Problem to work on:
Since pictures are not part of the copy, please output only the lines from the one with "Big Mac and Moe Hawk" through the end of the data below, exactly as written.

Material for this exercise:
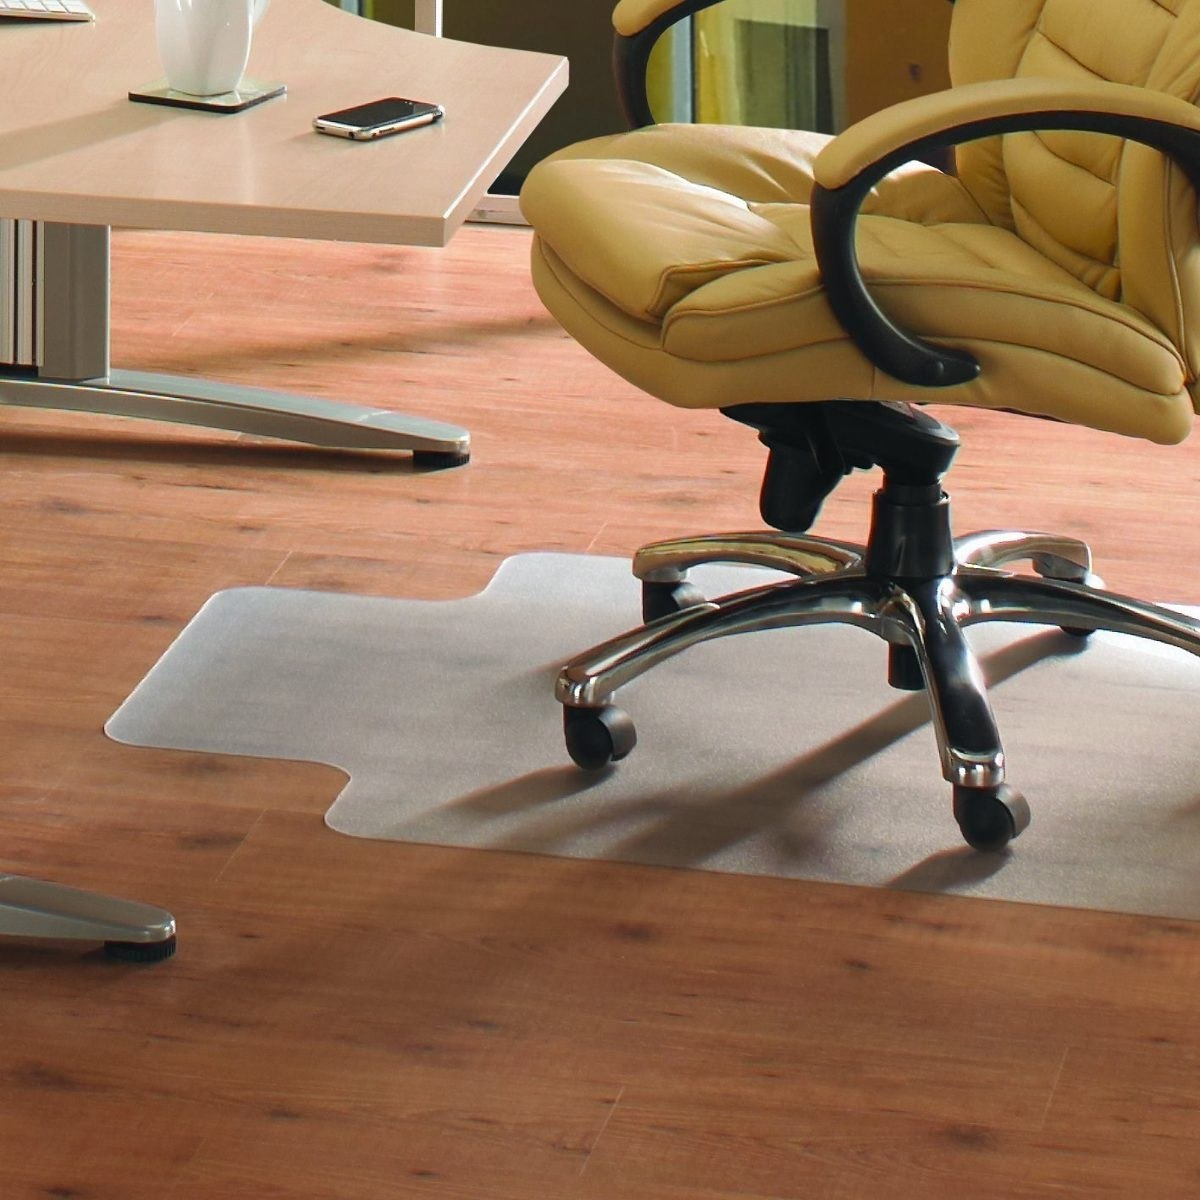 Protector P V C Bajo Escritorio Para Pisos Muebles Y Cosas 990  # Muebles Y Cosas
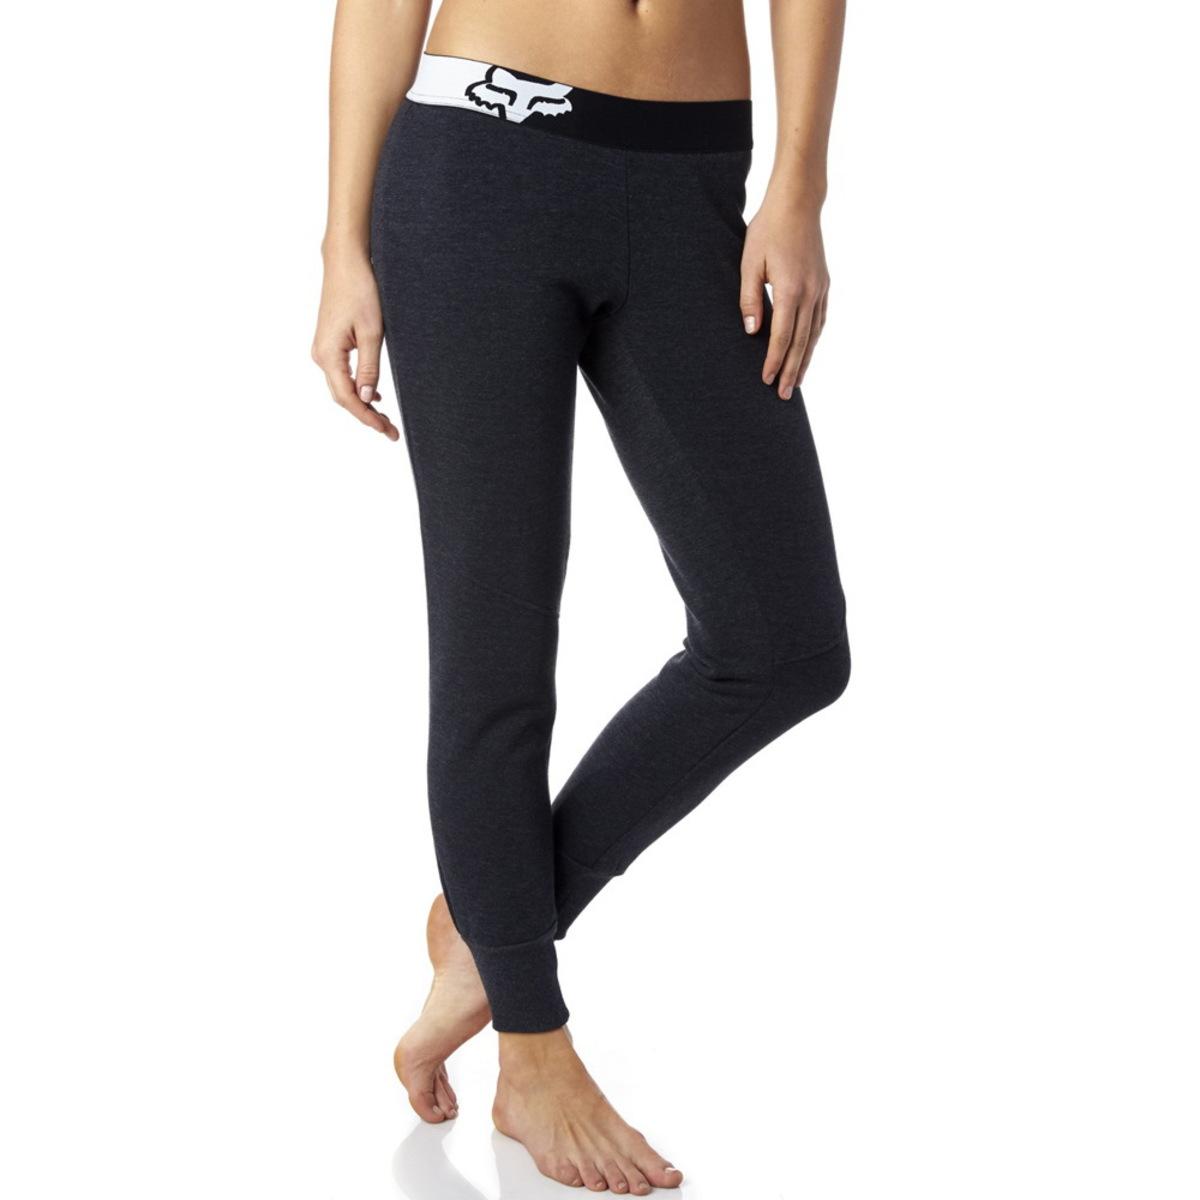 kalhoty dámské (tepláky) FOX - Certain Pant - Heather Black - 17554-243
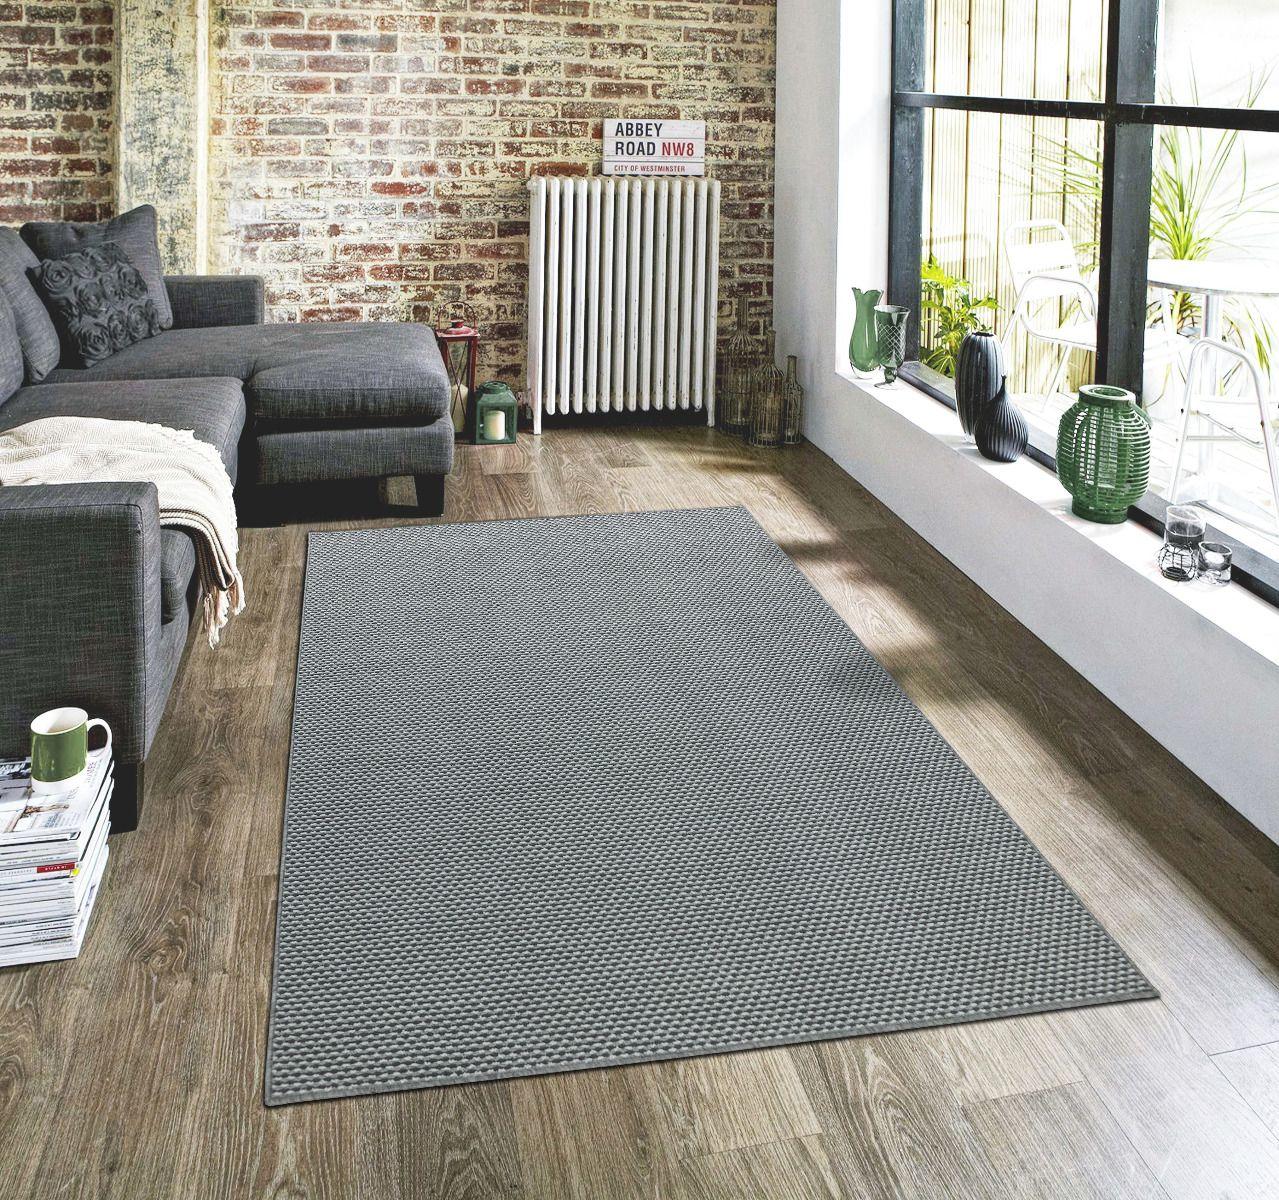 Nowoczesne wykładziny dywanowe w salonie jako dywan
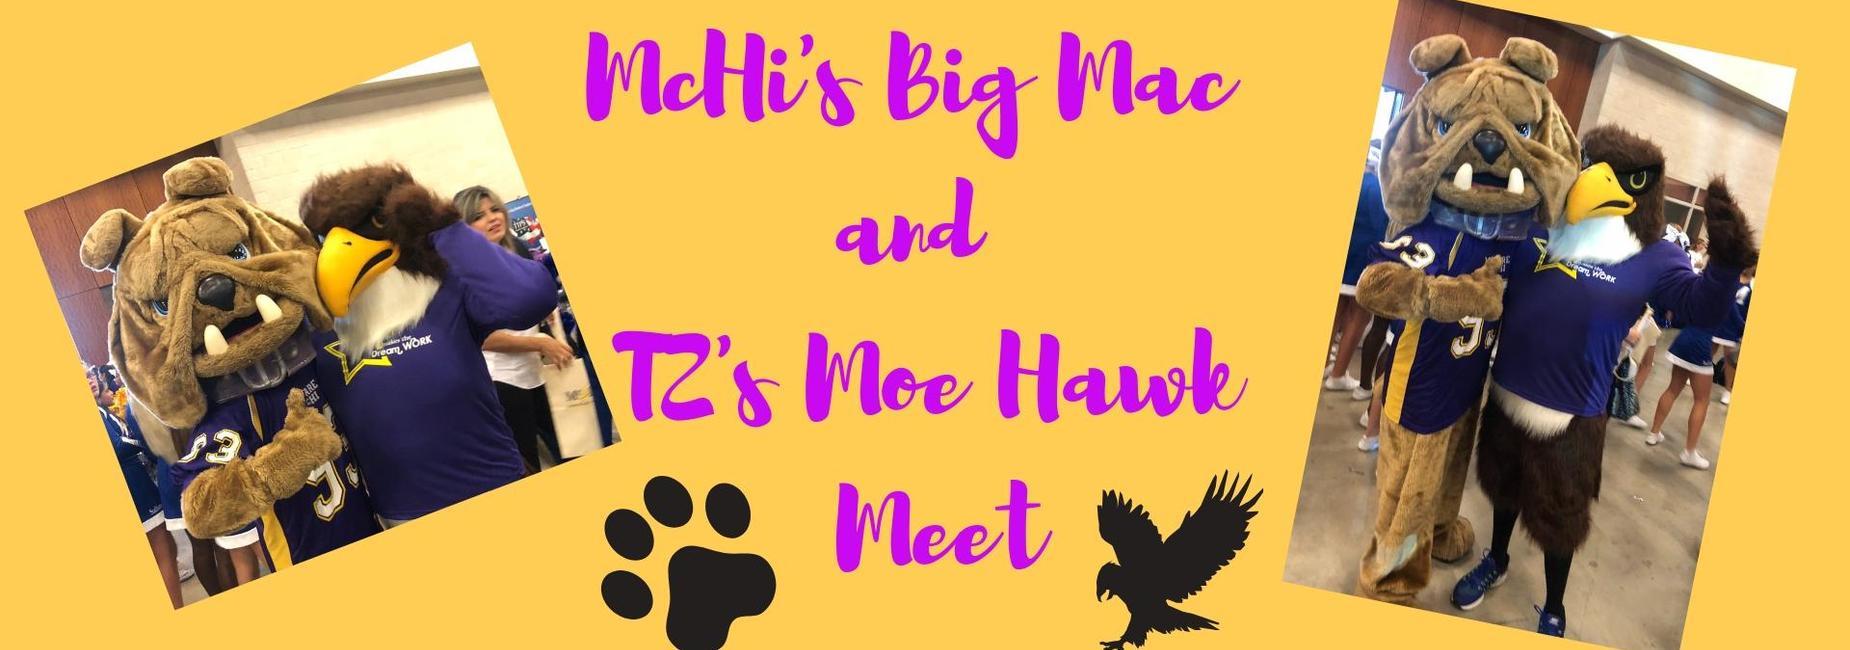 Big Mac and Moe Hawk
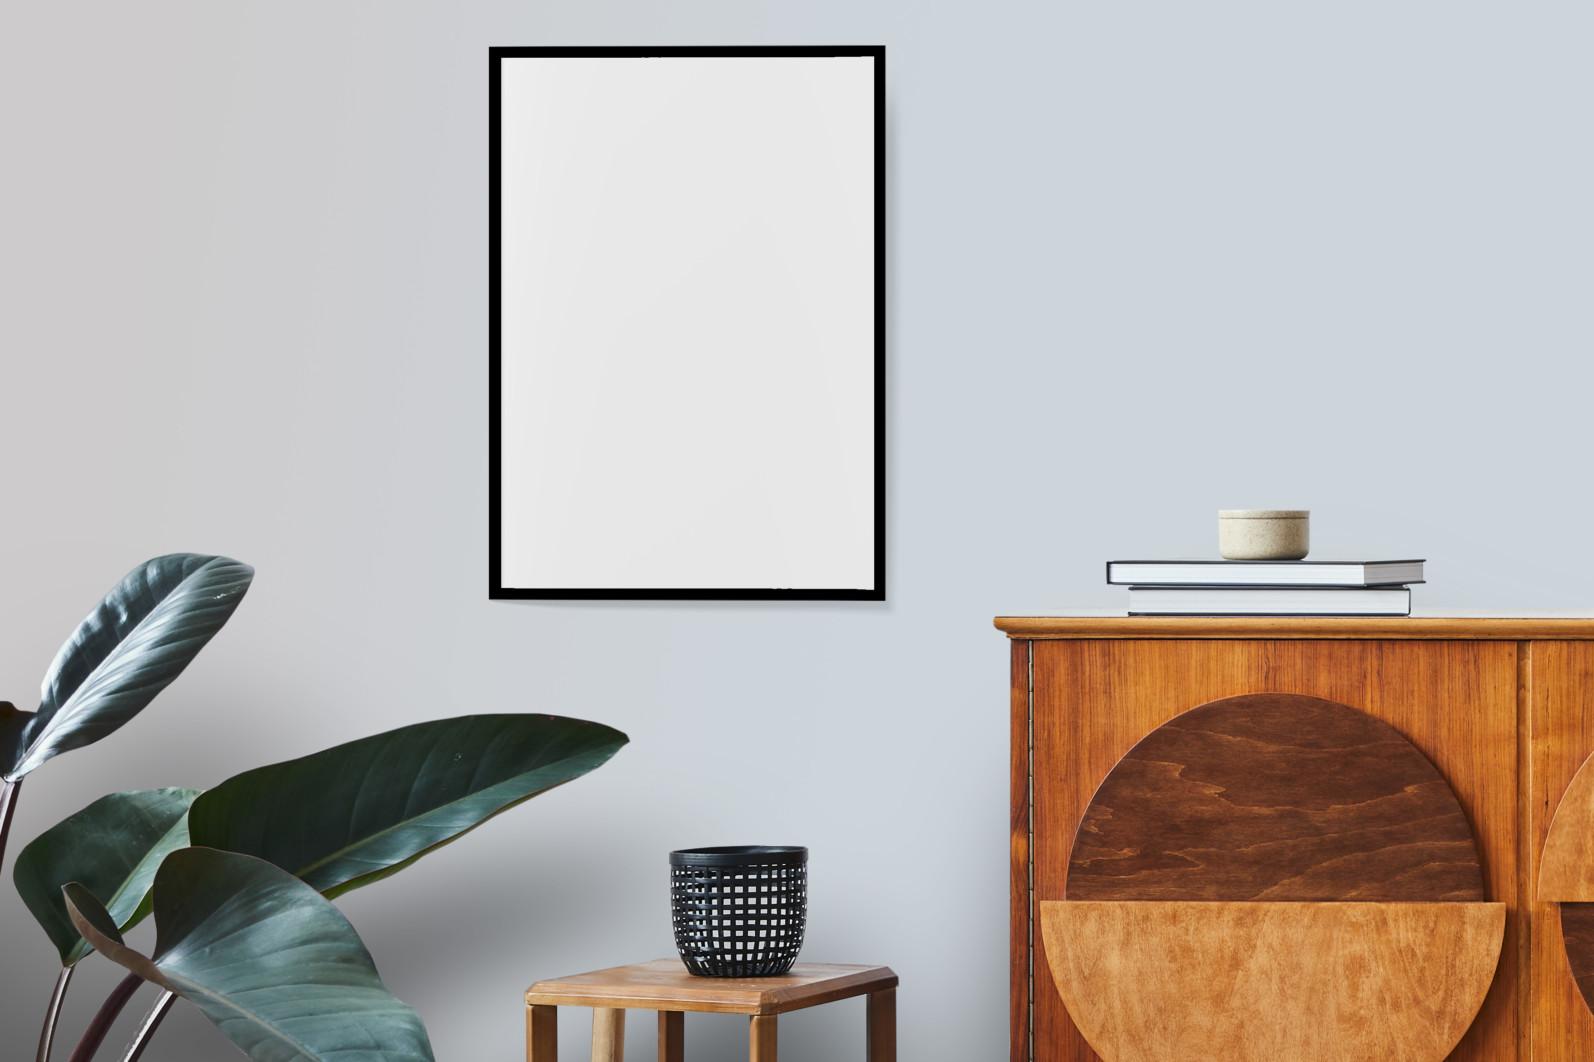 Frame Mockup #1521, Black Portrait Frame Mockup, Living Room Frame Mockup - 1521 JPEG scaled -

Problem solution:
 Big Mac and Moe Hawk
 Frame Mockup #1521, Black Portrait Frame Mockup, Living Room Frame Mockup - 1521 JPEG scaled -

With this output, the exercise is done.